Fire-smart guidelines for choosing plants
Healthy plants are more fire resistant than plants struggling to survive. Thoughtful and more informed plant selection and siting can reduce the threat of wildfire, cut maintenance costs, and help solve the growing problem of excess fuel loads not only on your property, but in your neighborhood and the broader community.
Choose those that:
• store water in leaves and stems
• do not produce excessive dead, dry, or fine debris
• maintain high moisture content with limited watering
• have low levels of volatile oils or resins
• require little maintenance
• contribute to the ecological health of the surrounding area
• See succulents and other low water plants
Choose trees that are:
• low in resin and sap content. Spend time researching the type of tree you would like using this tree searching tool, then consult with your nursery to verify its resin and sap content.
• adapted to fire such as thick bark. These trees have a higher tolerance for fire and help restrict the growth of more volatile invasive and shrub species
• spaced so that at maturity their crowns are ten feet apart or more.
• plants that shed minimal amounts of needles, leaves, fronds, dry bark and other debris
• Avoid planting trees in rows or hedges that provide an uninterrupted path for fire.
• Avoid trees that have a tendency to build up dead thatch inside or under a green surface layer.
• Avoid planting in rows or hedges, these can provide an uninterrupted path for fire.
• Aim for discrete “islands” of plants that are less likely to spread a fire. Ideally, island width should be no more than two times the height of shrubs and at least that distance apart.
• Avoid massing shrubs at the bases of trees or adjacent to structures, especially under eaves, overhangs, windows, or decks.
Leave space between groups of plantings ("islands") to increase the surface area of fuel breaks and to assure all areas of the garden are accessible for maintenance.
Allow vertical and horizontal space between shrubs and trees, especially on slopes.
Space trees so that at maturity their crowns are 10 – 15 feet apart or more
Strategies for homes on hillsides
Fire tends to travel fastest uphill by preheating dried vegetation from below and making it easier to ignite. The steeper the slope, the faster a fire will spread. Narrow canyons and saddles act as chimneys that trap heat, channel wind, and create erratic fire behavior. Ridges are also fire-prone. Heavily vegetated slopes are particularly hazardous. If you live on a slope in a canyon or on a ridge, consider the following:
If there is horizontal space between the slope and your home, consider constructing a stone or concrete wall between your house and the most likely path of approaching fire to help deflect flames, heat, and burning embers away from the house. This is also a good place to install a lawn, pool, or patio of non-flammable materials such as concrete, brick, or stone.

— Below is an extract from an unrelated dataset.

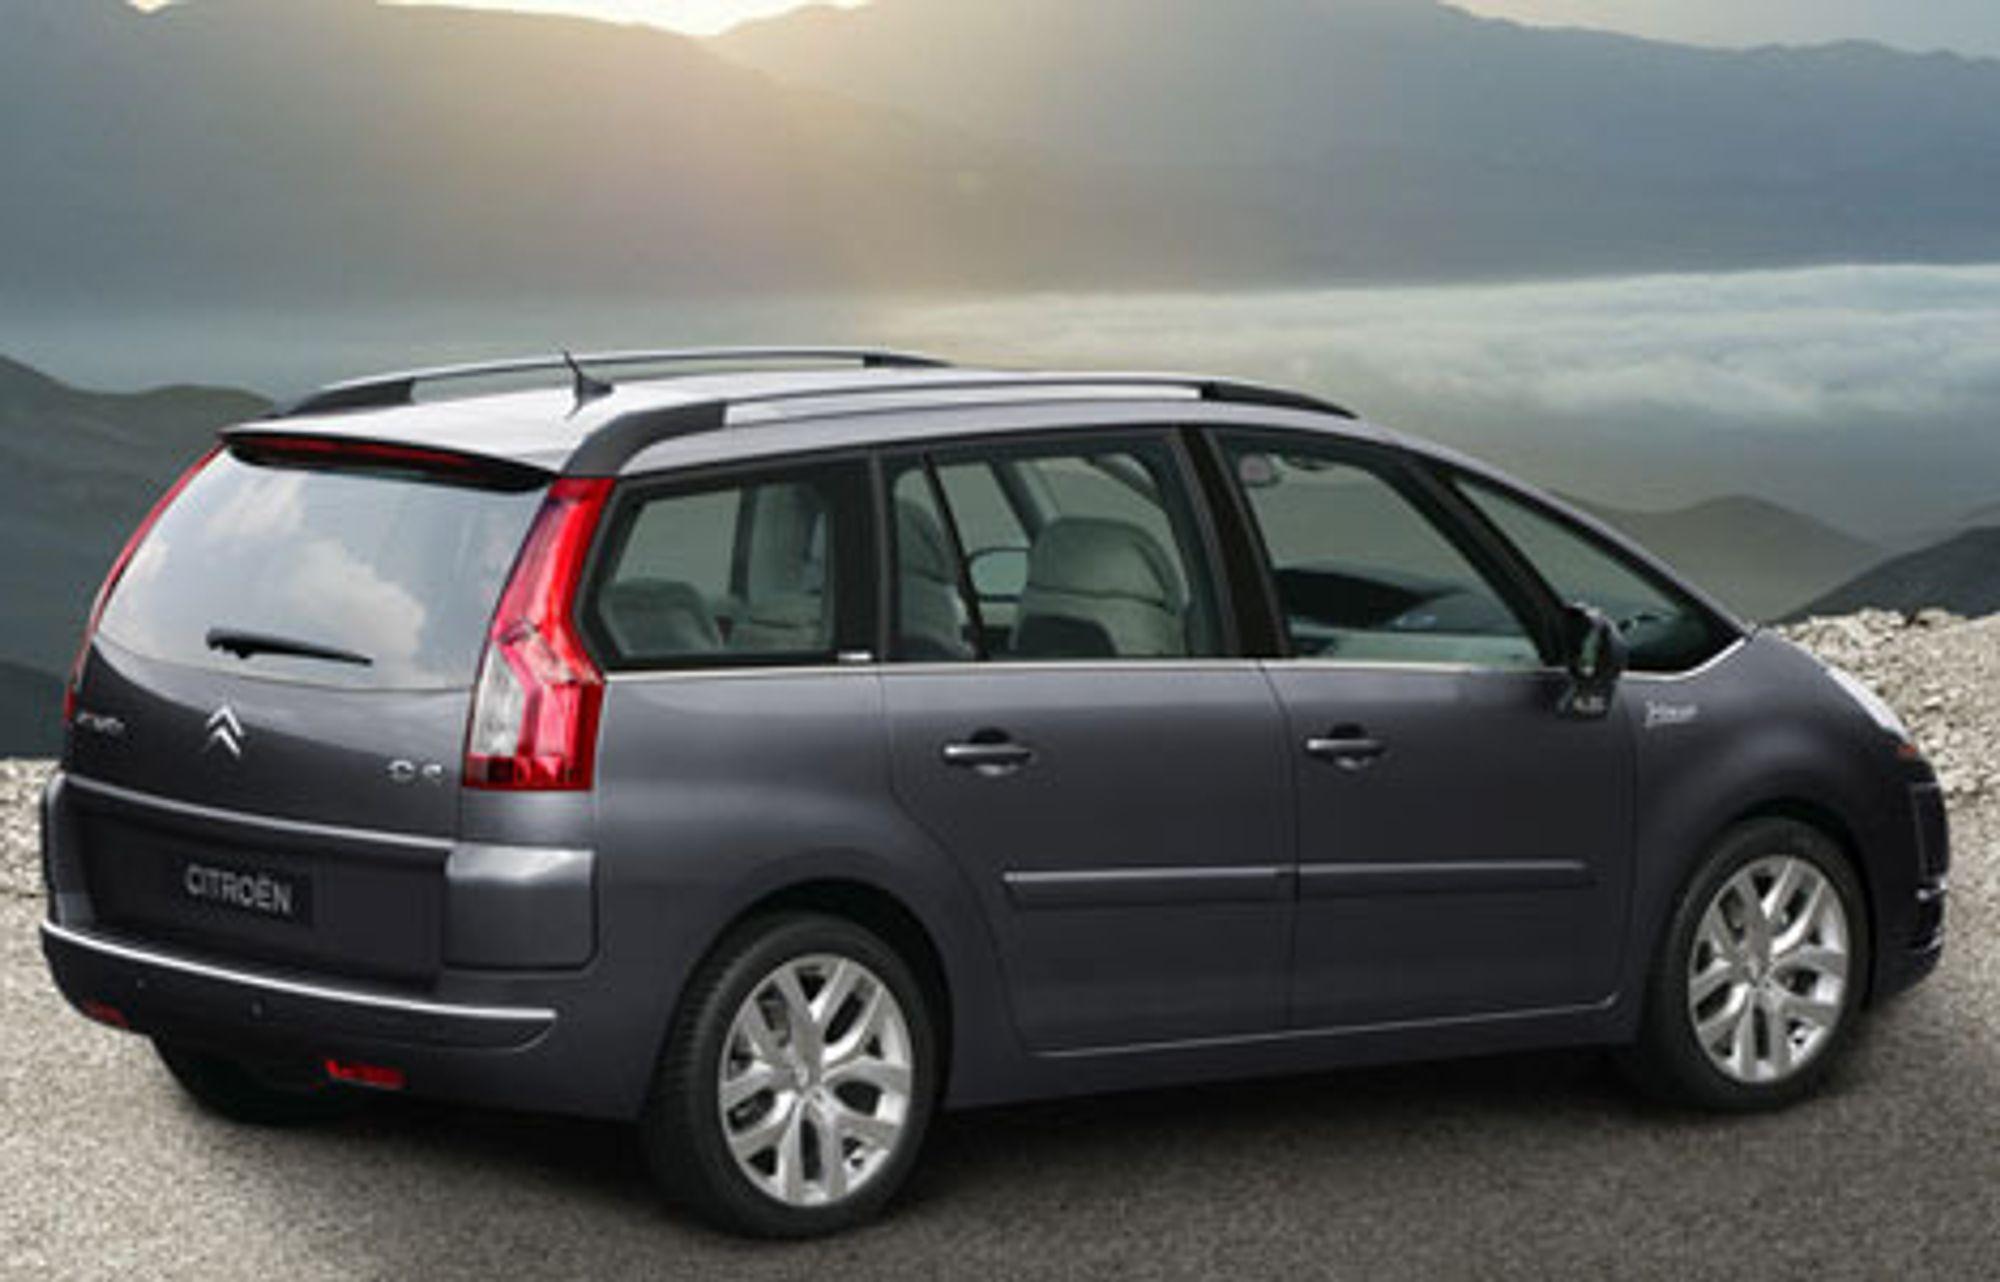 Nye Citroën C4 Picasso er utstyrt med en ny elektronisk styrt 6-trinns manuell girkasse. Denne girkassen er enten koblet til en to-liters bensinmotor som yter 143 HK eller til HDi-dieselmotorer som yter 110 HK eller 138 HK, begge med partikkelfilter.

Vegetation on slopes should be low in both height and volume, but it should not be completely eliminated because bare slopes may be subject to erosion and instability. Remove dead trees and shrubs, leaving the roots in place, if practical.
On slopes, plant widely-spaced, deep-rooted shrubs to help control erosion. Intersperse these plants with mulch or low-growing groundcovers.
Use retaining walls to reduce the steepness of slopes below the house. This may slow the spread of fire and also help to prevent erosion and slope instability.
Guidelines for built structures
Many landscapes contain built structures that add to a garden’s comfort and practicality. Assess all built structures as you would other combustible materials. Anything made of wood is at risk of exacerbating a fire unless precautions are taken. Risky structures include wood trellises, gazebos, and sheds.
Use fire-resistant construction materials and methods for these structures. Trellises, for example, can be made of steel, and roofs of gazebos and sheds should meet roofing standards for homes.